Stratton v. Essex County Park Commission

164 F. 901, 1908 U.S. App. LEXIS 5336
CourtU.S. Circuit Court for the District of New Jersey
DecidedNovember 6, 1908
StatusPublished

This text of 164 F. 901 (Stratton v. Essex County Park Commission) is published on Counsel Stack Legal Research, covering U.S. Circuit Court for the District of New Jersey primary law. Counsel Stack provides free access to over 12 million legal documents including statutes, case law, regulations, and constitutions.

Bluebook
Stratton v. Essex County Park Commission, 164 F. 901, 1908 U.S. App. LEXIS 5336 (circtdnj 1908).

Opinion

RANNING, District Judge.

The plaintiff has brought this suit to recover an amount alleged to be due on a building contract. The defendant’s first plea to the first count of the declaration is that the claim made by that count was adjudicated in a former suit between the same parties in the court of chancery of New Jersey.

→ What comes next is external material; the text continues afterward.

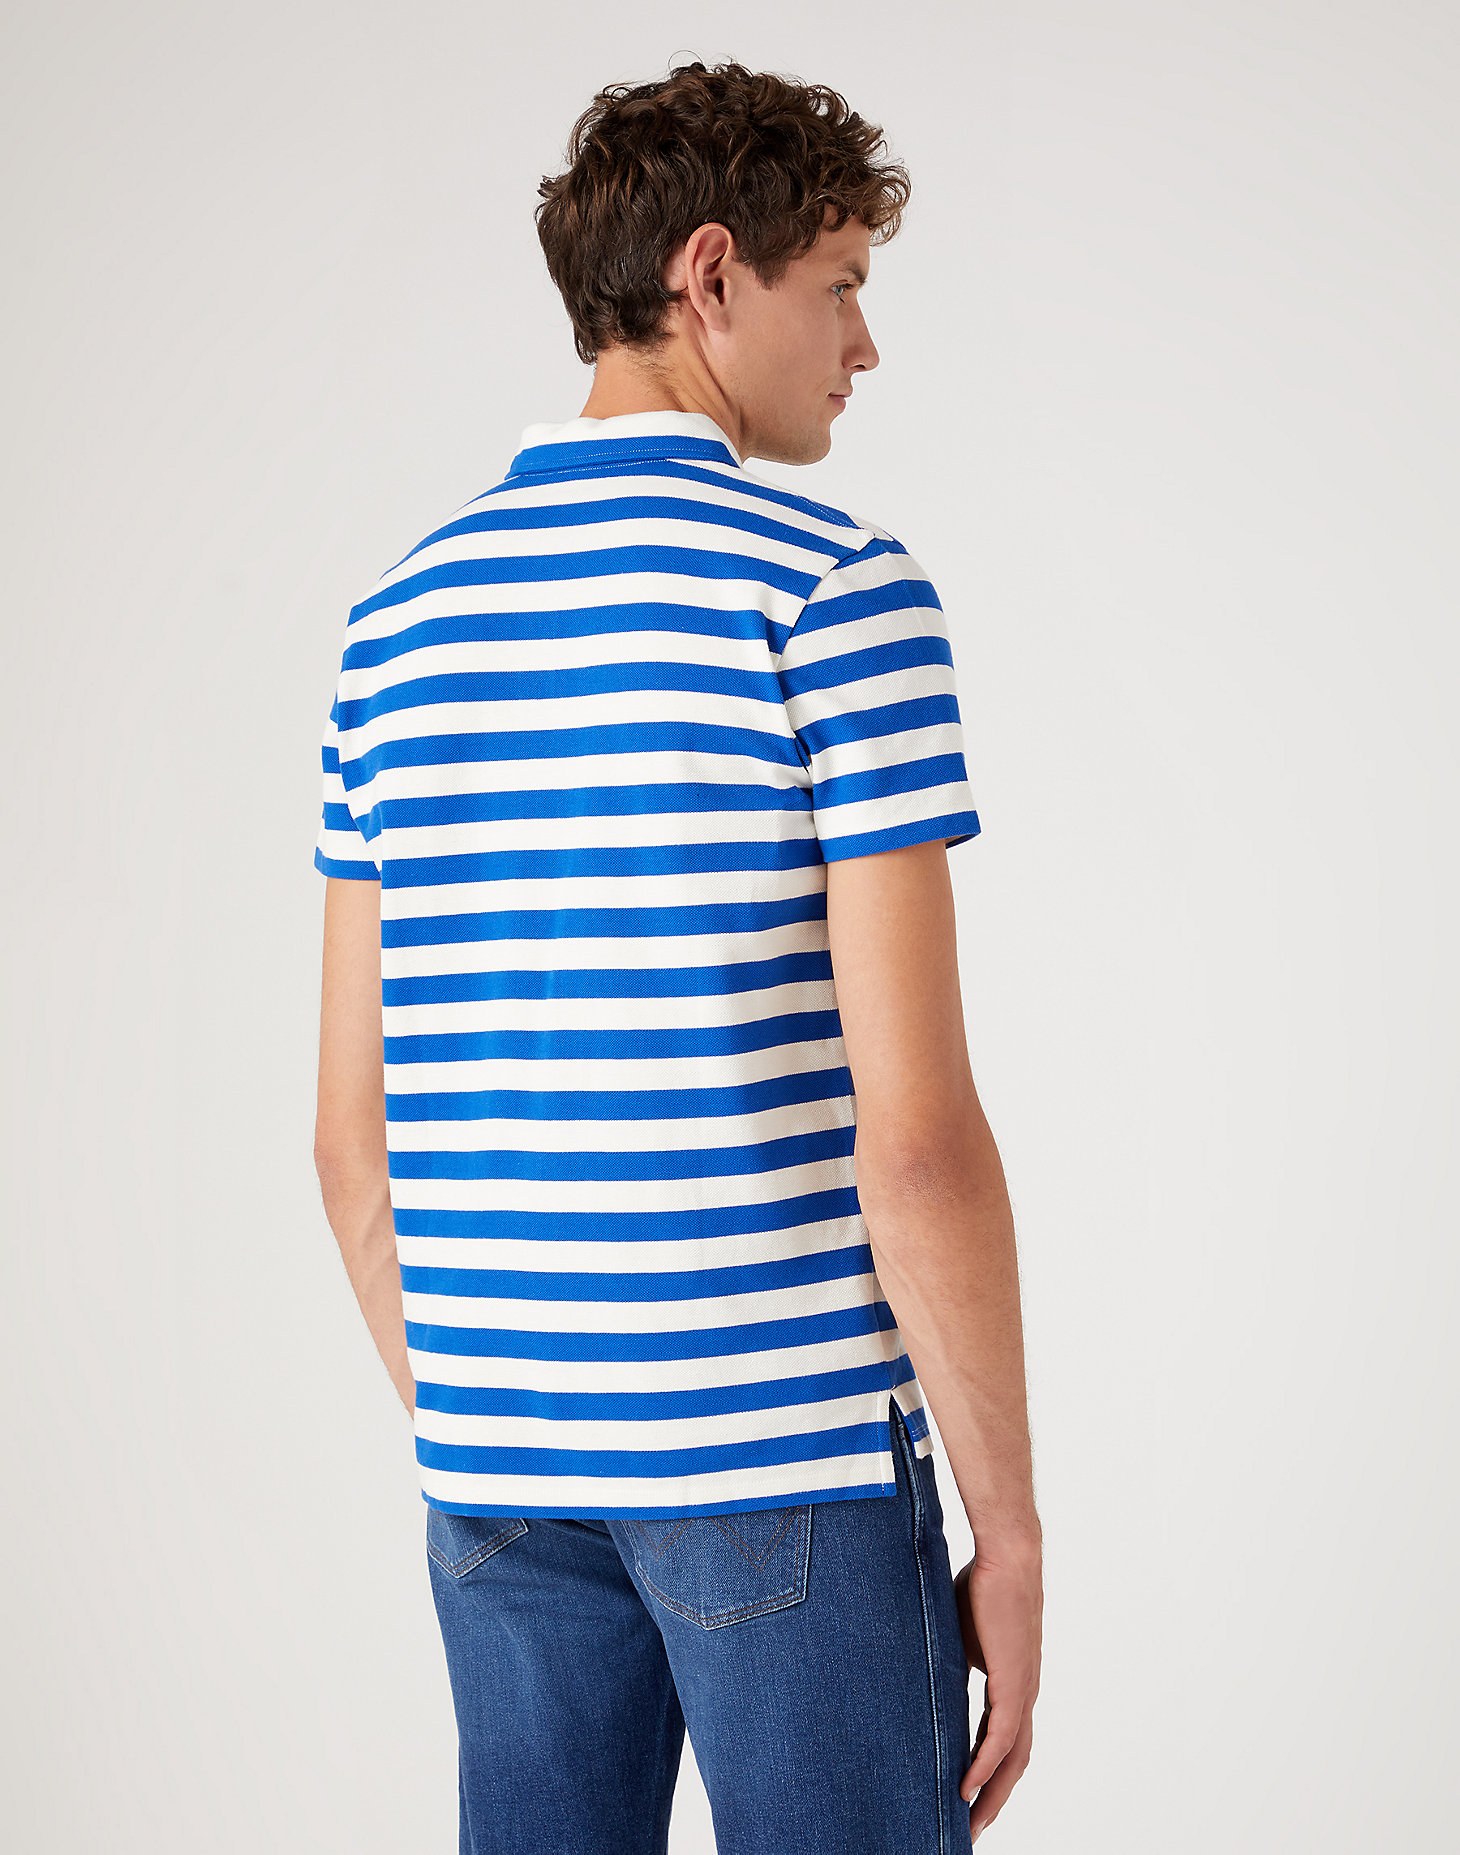 Stripe Polo Shirt in Wrangler Blue alternative view 2

After setting forth the contents of the bill of complaint filed in the court of chancery by the plaintiff here, and the answer thereto filed in that court by the defendant here, the defendant avers, by his plea, that a general replication to the answer in the chancery suit was filed by the plaintiff herein, that the case came on to be heard in the court of chancery upon pleadings and proofs, and that:

“On the ninth day of March, 1904, the cause having been duly heard and testimony having been duly taken, the said bill of complaint was by the chancellor in the said court of chancery, on motion of the said plaintiff as complainant, ordered to be, and the same was thereby, dismissed with costs to the said defendant, as by the record and proceedings thereof still remaining in the said court of chancery at Trenton more fully and at large appears; which [902]*902said decree still remains in full force and effect, not in the least reversed, annulled, or in anywise made void.”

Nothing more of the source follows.